With more than 100 million users and close to $10 billion in revenue. Intuit has both enterprise-scale obstacles and needs for data processing. Instead of developing separate architectures for each big data project, which would have made the data silo issue worse. Intuit adopted a unified strategy that relies on a lakehouse as the enterprise-wide standard for data.
Every day, more than 100 million people use the Intuit worldwide technology platform. Products from the company, like TurboTax, QuickBooks, Mint, Credit Karma, and Mailchimp. These are some of the most efficient and user-friendly and are made to assist clients with their most urgent financial issues.
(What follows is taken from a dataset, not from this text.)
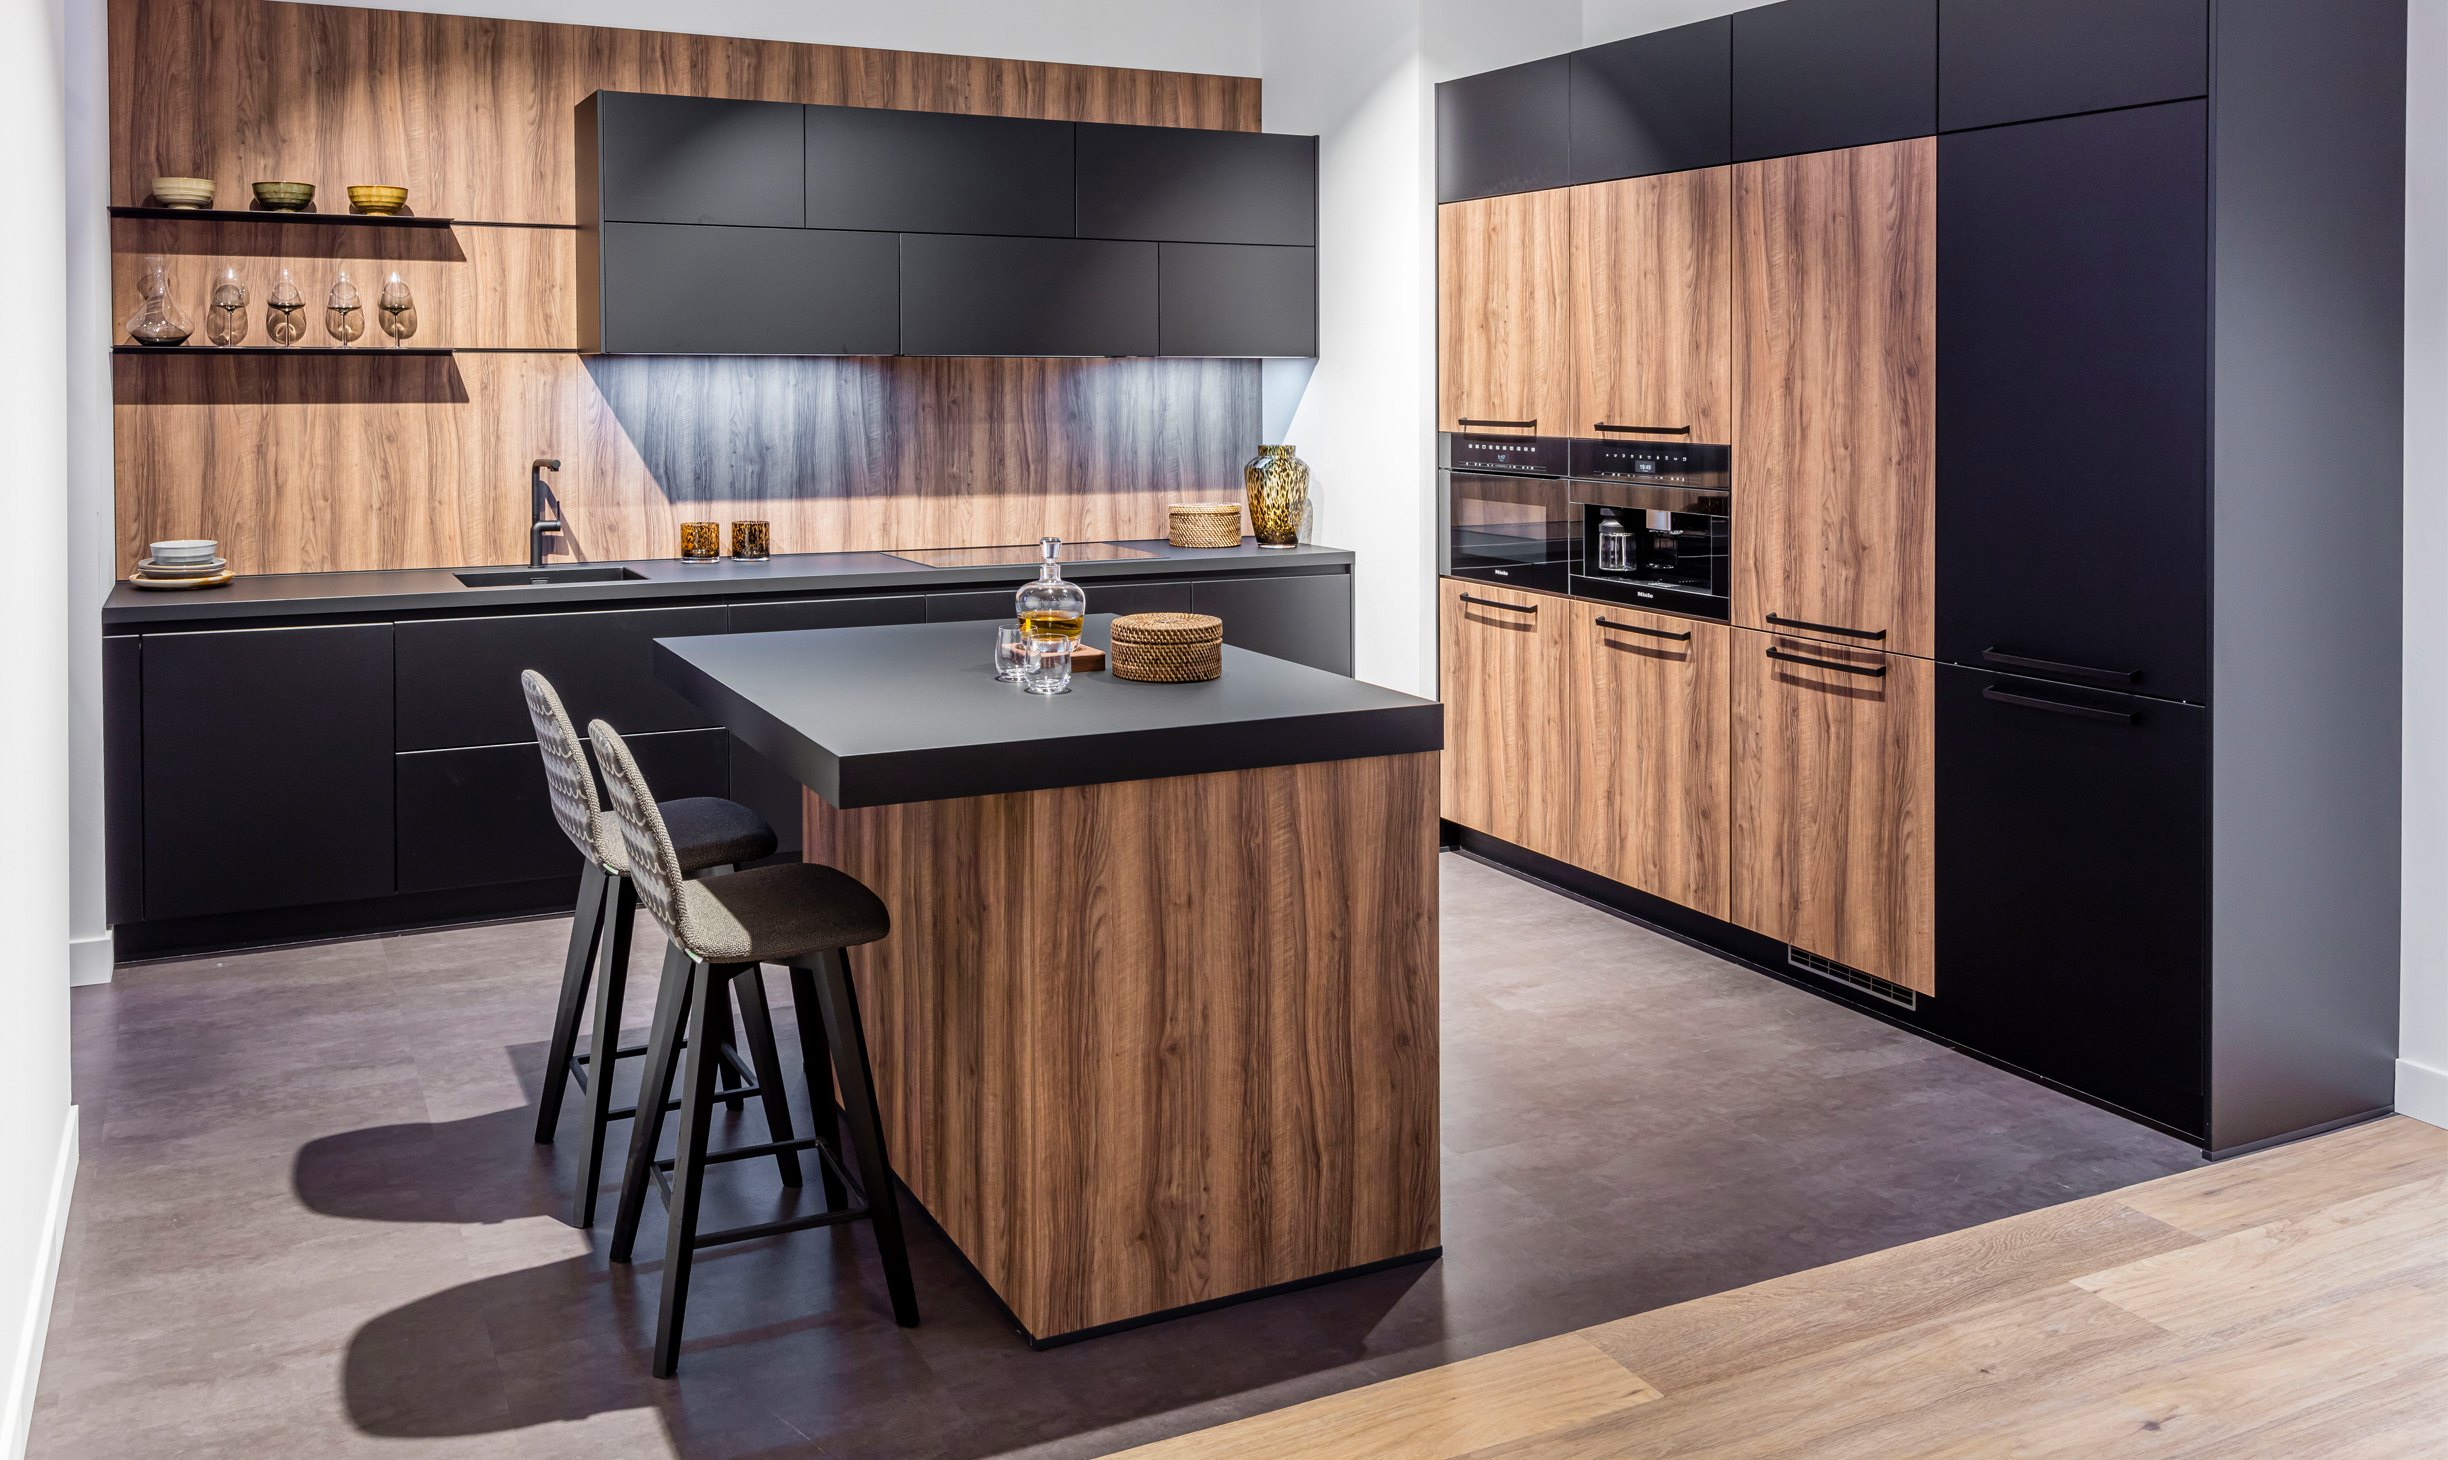 overschrijving onwettig Intact Zwarte keuken: mat zwart of met hout | Bemmel & Kroon

One of the software architects Rajat Khare works for Intuit. He has experience with the entire QuickBooks ecosystem of products from Intuit. Rajat has been working on the GraphQL ecosystem since its creation. He has created a number of services and applications that use it.
QuickBooks and TurboTax are two of the most popular consumer finance products ever produced, and both are trademarks of Intuit. However, Intuit is forging ahead with aspirations to transform itself into an AI juggernaut. Thanks to recent advancements in machine learning and the purchases of Credit Karma and Mailchimp.
ML & AI
For instance, the business uses machine learning to assist with the manual categorization of transactions in QuickBooks, sparing clients the time-consuming effort. This calls for highly customised machine learning, similar to the Credit Karma service that suggests to users how to raise their credit score depending on their inputs.
Having a strong data architecture is necessary for creating these new data-driven solutions. The corporation preferred to have thousands of analysts, data scientists, and software engineers on the same page with a single view of the data rather than creating multiple data systems for each of its projects.
When Amit and Manish Amde, Intuit’s director of engineering, joined the business three years ago, that architecture wasn’t even thought about. Both Amit and Amde worked at Origami Logic, which Intuit bought to aid in the development of their data and AI infrastructure.
Amde noted during a keynote talk at the Data + AI Summit, “Our data journey started at a place many of you would be familiar with.” “Our data environment was large, intricate, and disorganised. We required a plan to make the most of this data for consumers and small business clients.
The existence of numerous data silos was one of Intuit’s major problems. The hundreds of thousands of database tables containing decades’ worth of historical data were essential. It helped helping Intuit’s analysts and data scientists understand client wants and develop new products. However, it was dispersed around the company, making it challenging to access. The simplest option is to copy the data, however, this has its own set of issues with accuracy and latency.
Like most successful, $10 billion firms, Intuit had a certain amount of technology baggage when Amit and Amde first started working there. First off, Intuit operated a sizable “Parquet cluster” in the cloud and was an AWS company. The customer was content with RedShift and Athena and saw no reason to switch. It was loved due to the low latency that Apache Flink could provide for streaming.
To find a solution, Amit and Amde would have to work within these limitations (and others). From their time at Oragami Logic, both were already familiar with Databricks and were aware of the capabilities of the platform. Amde has previously collaborated with the Databricks creators while Spark was still a largely unheard-of computing project.
The new data architecture had to meet a number of criteria laid out by the data leaders. In order to promote an experimental culture, internal users first needed to be able to quickly create data pipelines and receive results to queries. Additionally, they wanted a storage repository that could handle transactions.